The search area is defined in terms of fractional coordinates.
----- EXAMPLE ----- EXAMPLE ----- EXAMPLE ----- EXAMPLE ----- EXAMPLE ----- Define the area where you expect your "reference" molecule to be in terms of fractiona coordinates. Fractional search range A ? ( 0.000 0.500) 0.2 0.9 Fractional search range B ? ( 0.000 0.500) 0.3 1.0 Fractional search range C ? ( 0.000 0.500) 0 1.2 Fractional search range A : ( 0.200 0.900) Fractional search range B : ( 0.300 1.000) Fractional search range C : ( 0.000 1.200) ----- EXAMPLE ----- EXAMPLE ----- EXAMPLE ----- EXAMPLE ----- EXAMPLE -----
Define the radius of the sphere which is used for calculating the correlation coefficient. Typically, this is ~1.5 times the resolution to which you trust your phases.
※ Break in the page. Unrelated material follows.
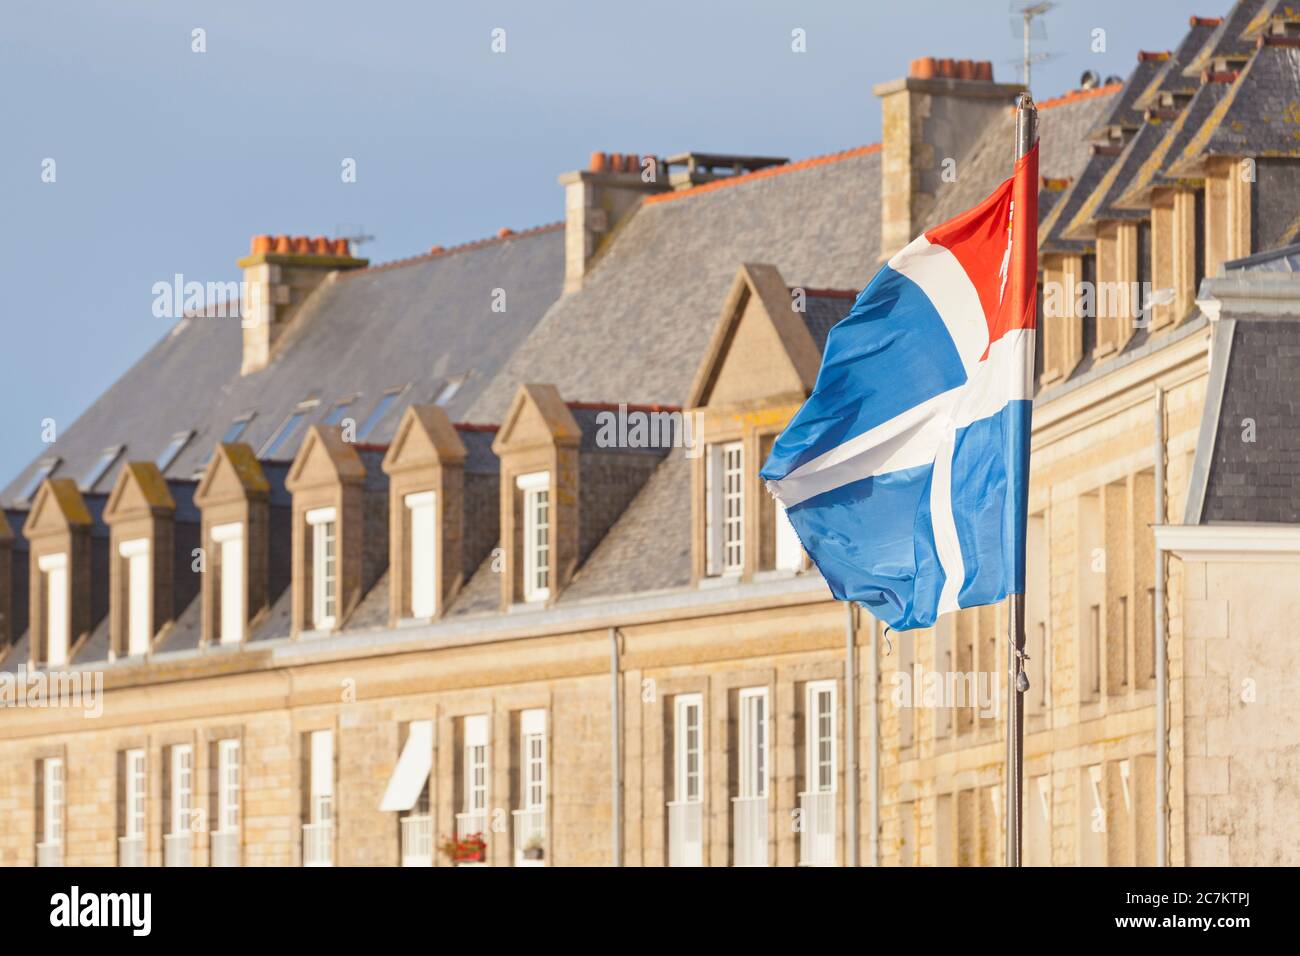 Saint Malo Flag with houses in the background, Cote Armor, Brittany, City, France, Europe Stock Photo
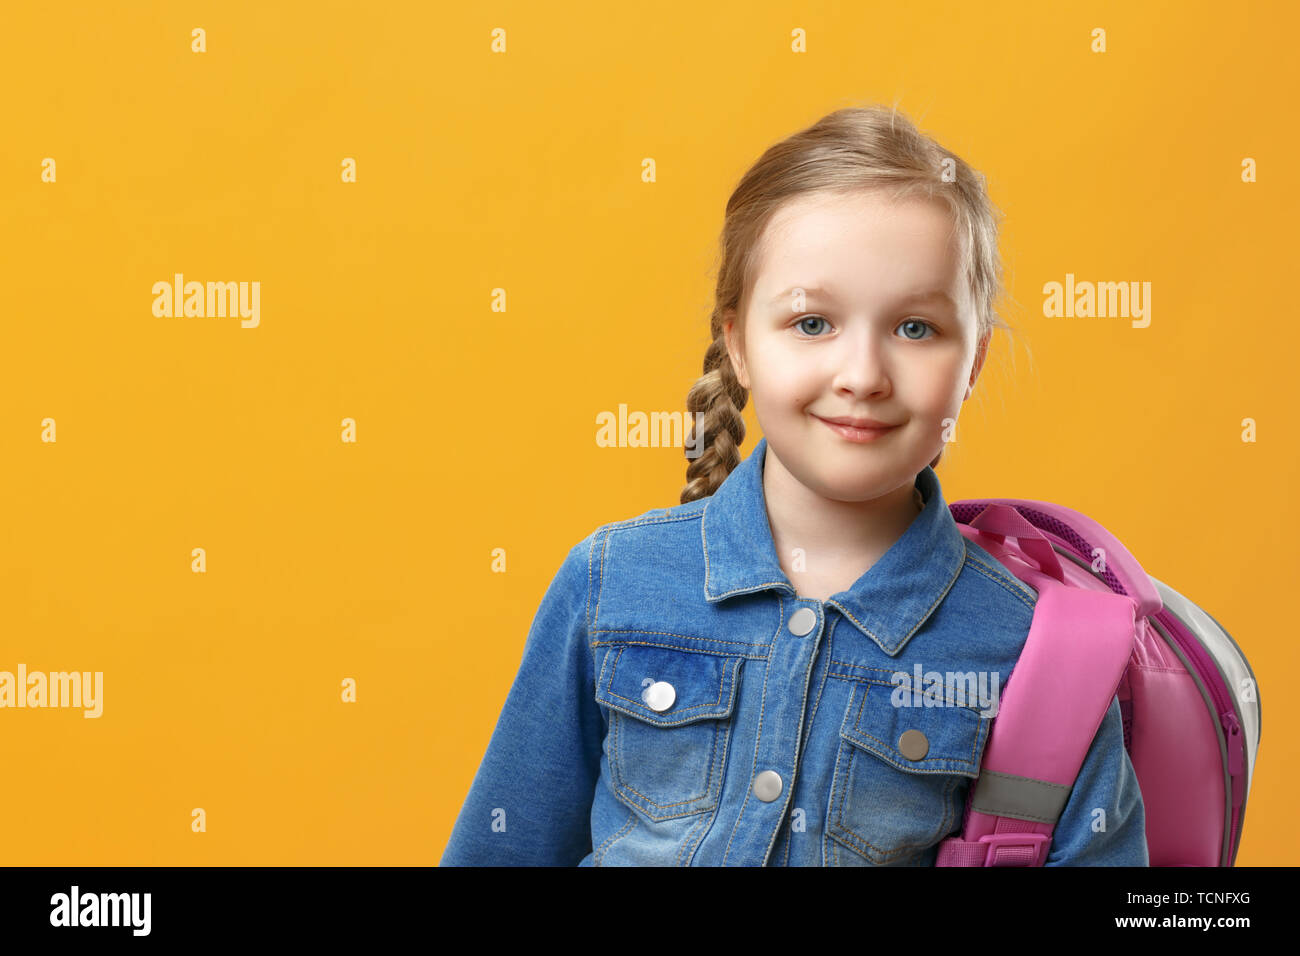 Portrait of a little girl schoolgirl with a backpack on a yellow background. Back to school. The concept of education. Copy space. Stock Photo

For example, if you trust your phases to 3.0 A, a radius of 4.5 A would be appropriate.
----- EXAMPLE ----- EXAMPLE ----- EXAMPLE ----- EXAMPLE ----- EXAMPLE ----- Sphere radius ~ 1.5 * resolution of trusted phases Sphere radius (A) ? ( 4.000) ----- EXAMPLE ----- EXAMPLE ----- EXAMPLE ----- EXAMPLE ----- EXAMPLE -----
Two possible correlation maps can be calculated (although they are equivalent in the case of two-fold NCS):
- R1 = 1/(N-1) * SUM(i) CorrCoeff (mol 1, mol i)
- R2 = 2/(N*(N-1)) * SUM(i) SUM(j) CorrCoeff (mol i, mol j)
R1 is the average correlation coefficient between the density in "molecule 1" and that in each of the other molecules. R2 is the average of all correlation coefficients. (R2 is slower to compute than R1, but not much, ~5%.)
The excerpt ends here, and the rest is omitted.